What to do:
Find "cda-idyllic-blue-9.jpg" in the material, then return exactly the line containing it and all lines after it to the end, leaving out pictures.

Collected material:

------------------------------

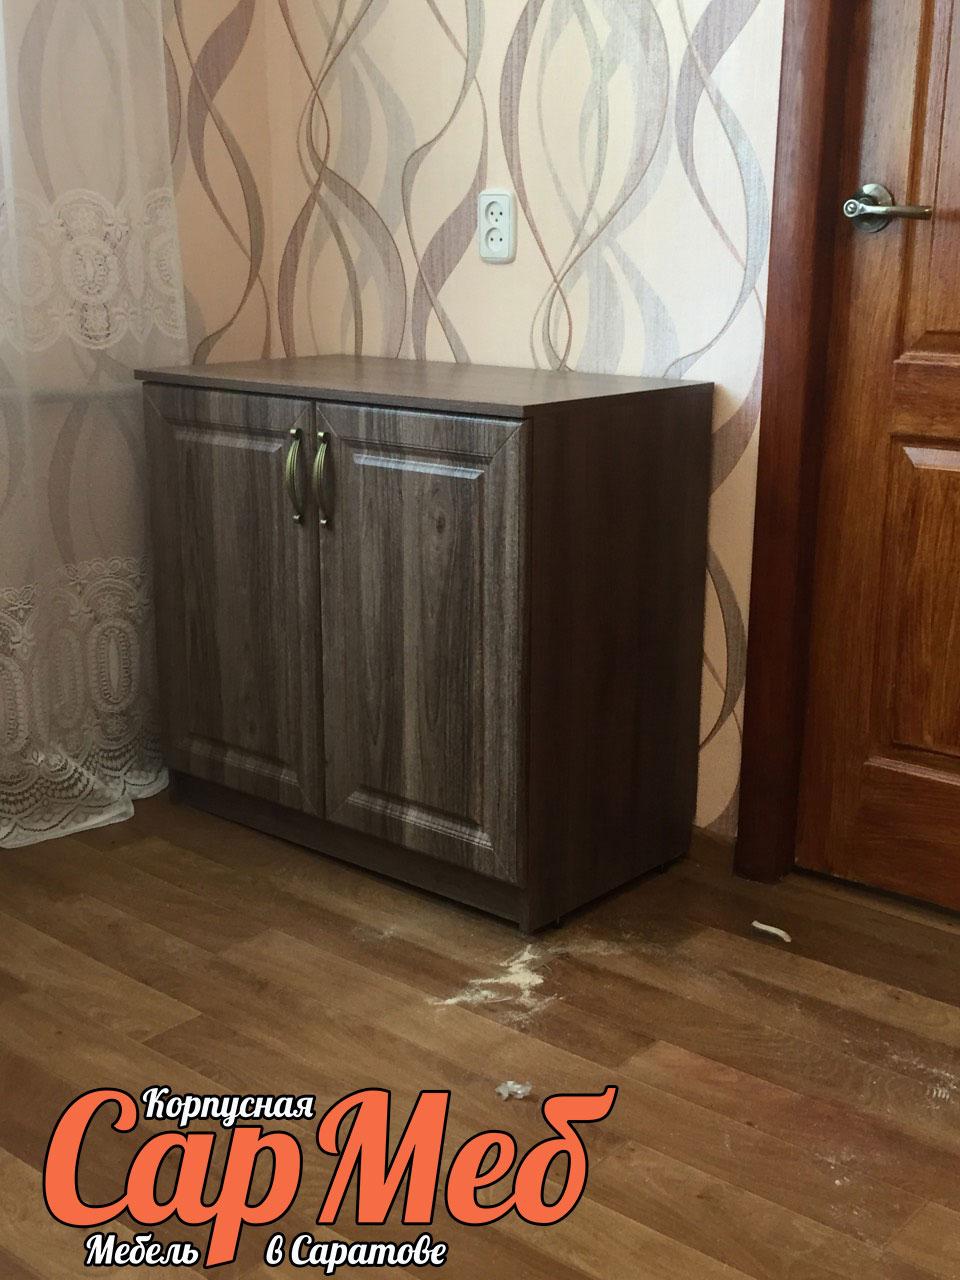 Стенка в гостиную и тумба под телевизор
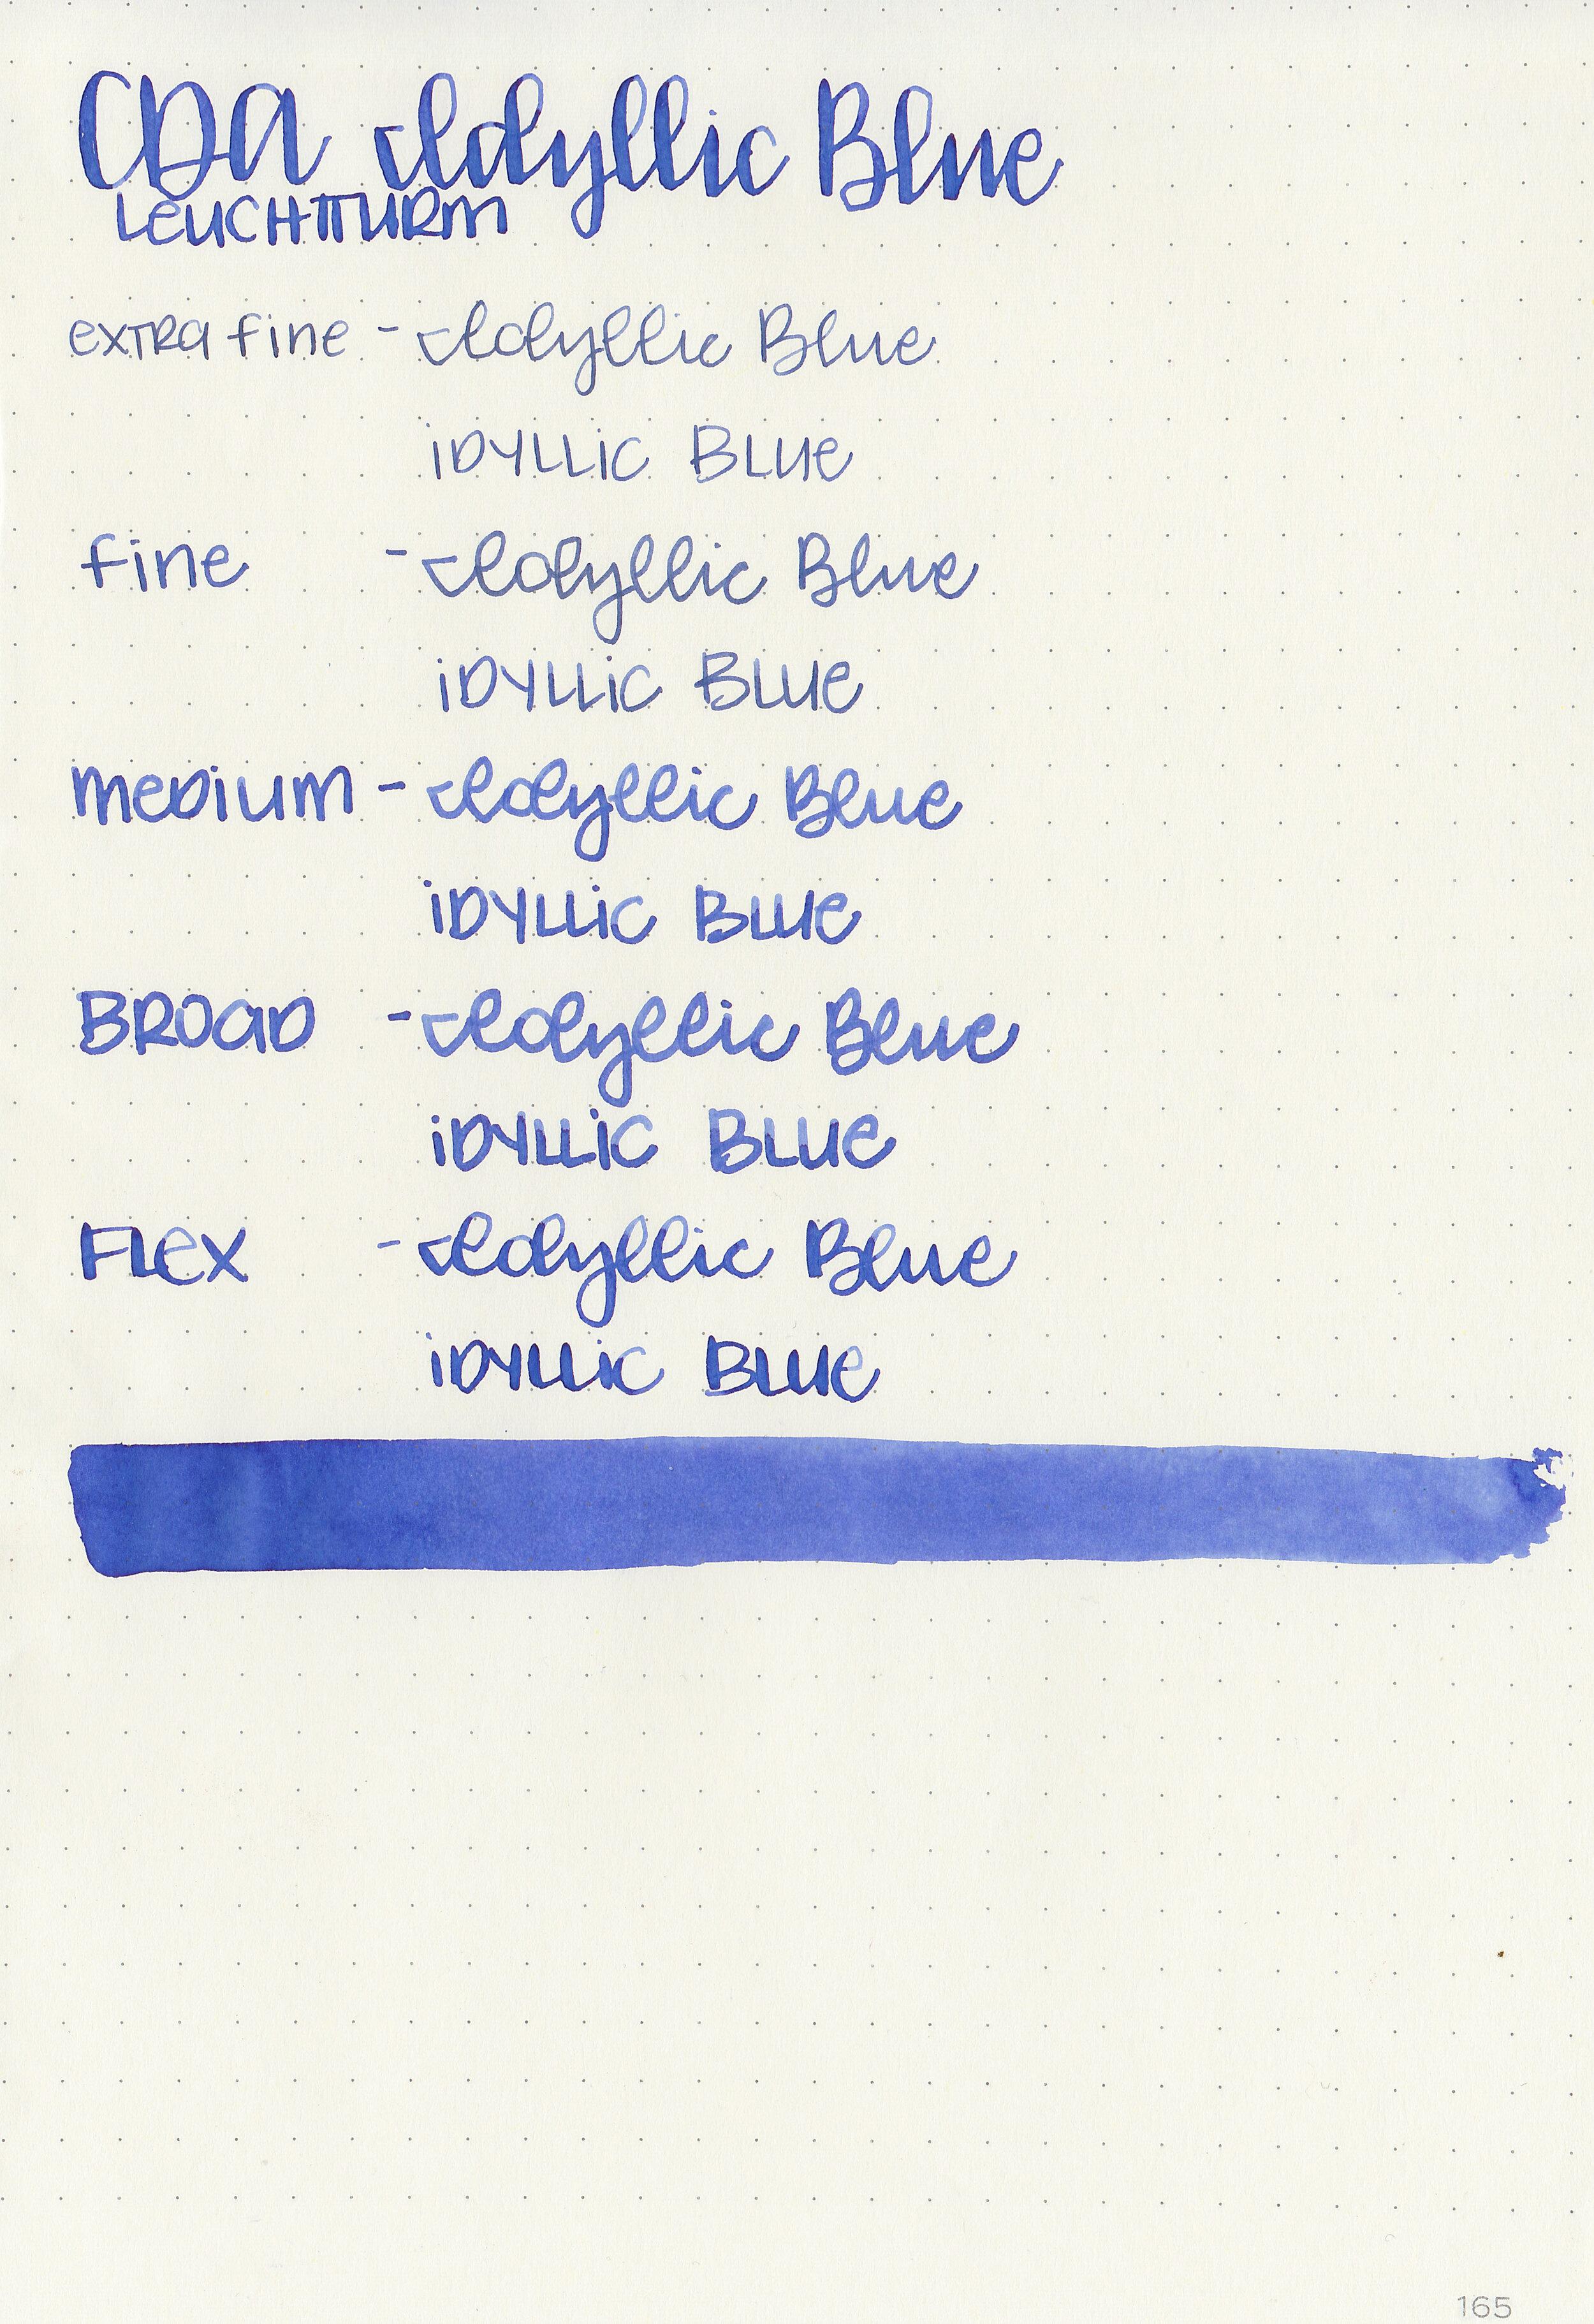 cda-idyllic-blue-9.jpg
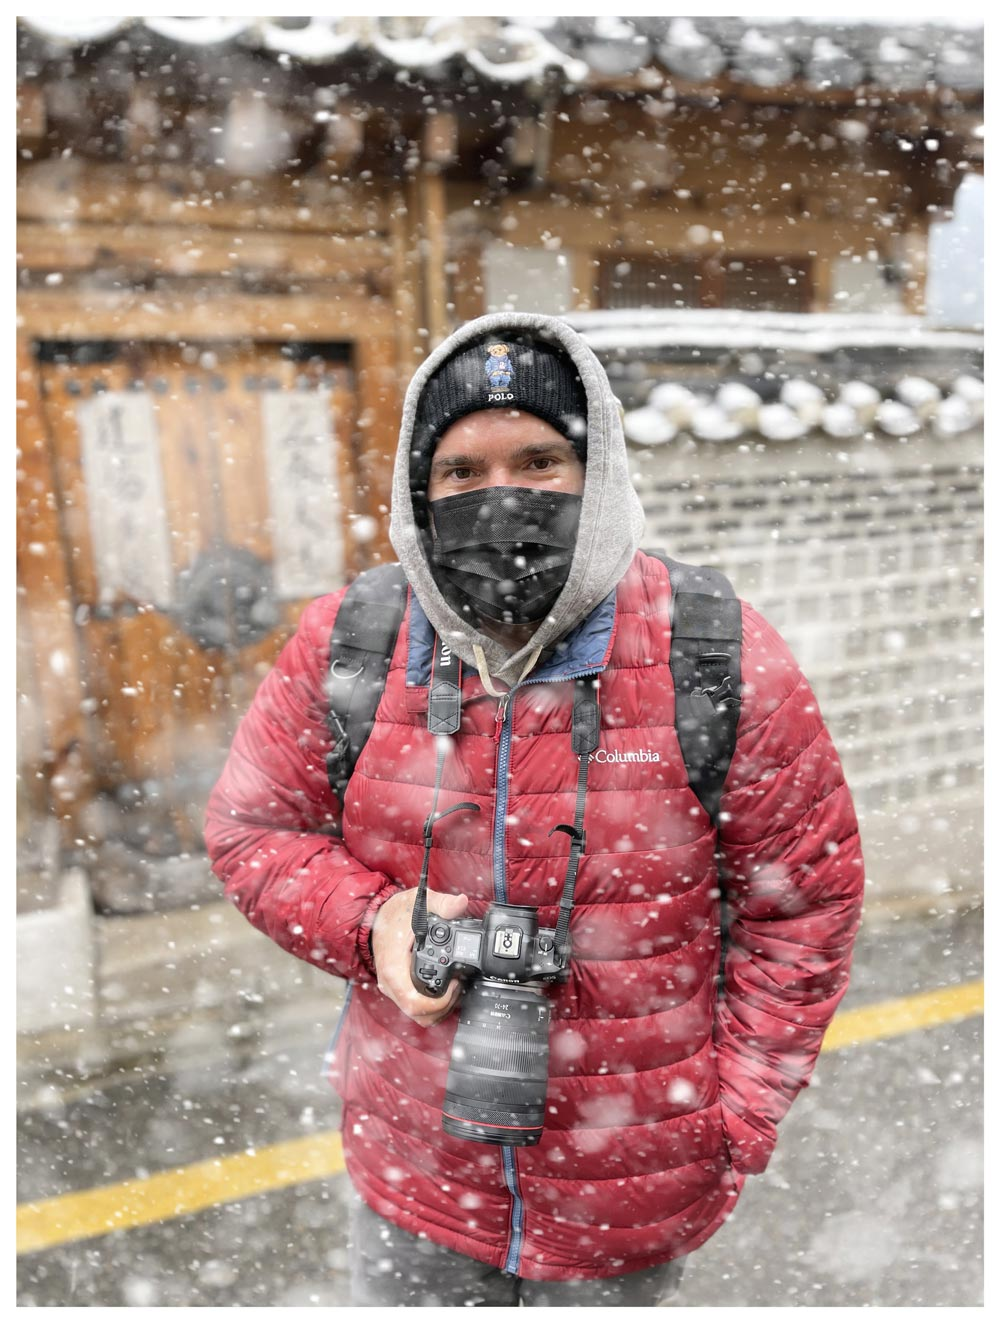 Shea Winter Roggio Taking Photos

------------------------------

Solution below:
 cda-idyllic-blue-9.jpg
 Shea Winter Roggio Taking Photos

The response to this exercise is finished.